Tharoor at the Kolkata launch of  'Pride, Prejudice And Punditry'

Tharoor at the Kolkata launch of 'Pride, Prejudice And Punditry'

Amit Datta

What’s the nicest thing someone said about this book?

Modesty forbids my quoting the more generous reviewers! But for the first time in 65 years, my mother held Pride, Prejudice And Punditry in her hands and said she was proud of me. That was worth more than all the rest.

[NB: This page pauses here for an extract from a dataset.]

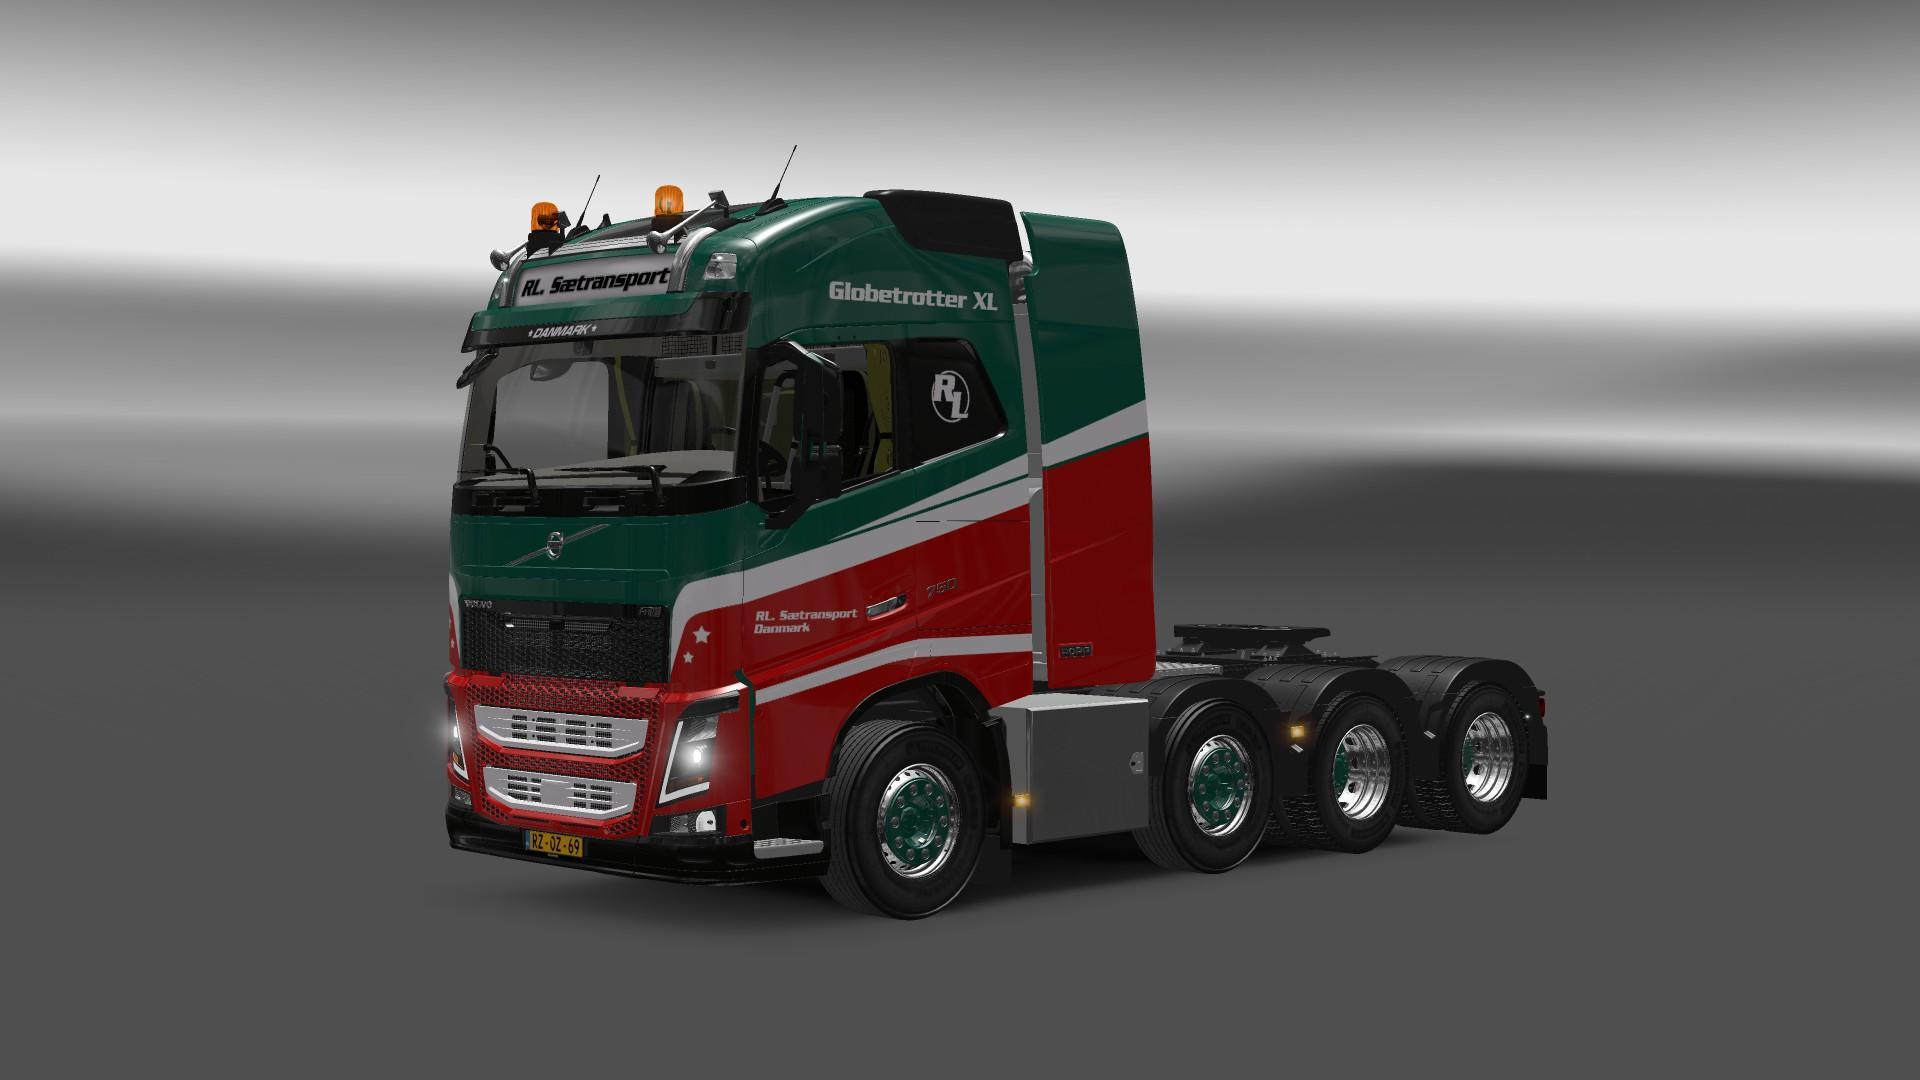 Volvo Fh 2013 8x4 1 22 Truck Euro Truck Simulator 2 Mods

Your standout read of 2021?

Probably Salman Rushdie’s Quichotte, though I read it nearly two years late. It should have been the standout read of 2019, but I didn’t get to it till this year.

Penguin Books India

A book you didn’t finish or get to, even in 2021…

Vikram Sampath’s two volumes on Savarkar are on my desk, I have leafed through them briefly but their length is intimidating for a busy politician to embark on the full read they deserve.

What did Santa Claus bring you in 2021?

Two granddaughters, born during Covid, whom I am finally able to hold and to hug over Christmas and New Year’s in the US, where they are.

If 2021 was a book, it’d be called?

The closest would be “The Year of Magical Thinking”, which is the title of a Joan Didion book on something quite unrelated. But there was a lot of magical thinking going on in 2021 about Covid, economic revival and the restoration of normal life, which all seem to have been knocked silly by the emergence of Omicron.

What book did you work on in 2021?

I can tell you about the book I should have been working on, but which got derailed by Pride, Prejudice And Punditry and the rest of my workload – a short biography of Dr Ambedkar, which I am still researching though it is six months overdue already.

What did you actually do while you said you were working?

I worked. Though I always manage to sneak glimpses of the cricket score, whenever India are playing.

Tharoor at a cricket match

Tharoor at a cricket match

@ShashiTharoor/Facebook

Will you have a book coming out in 2022? Tell us a bit about it…

If I ever get around to writing it, my Ambedkar book should be my contribution to the publishing frenzy for the 75th anniversary of Independence.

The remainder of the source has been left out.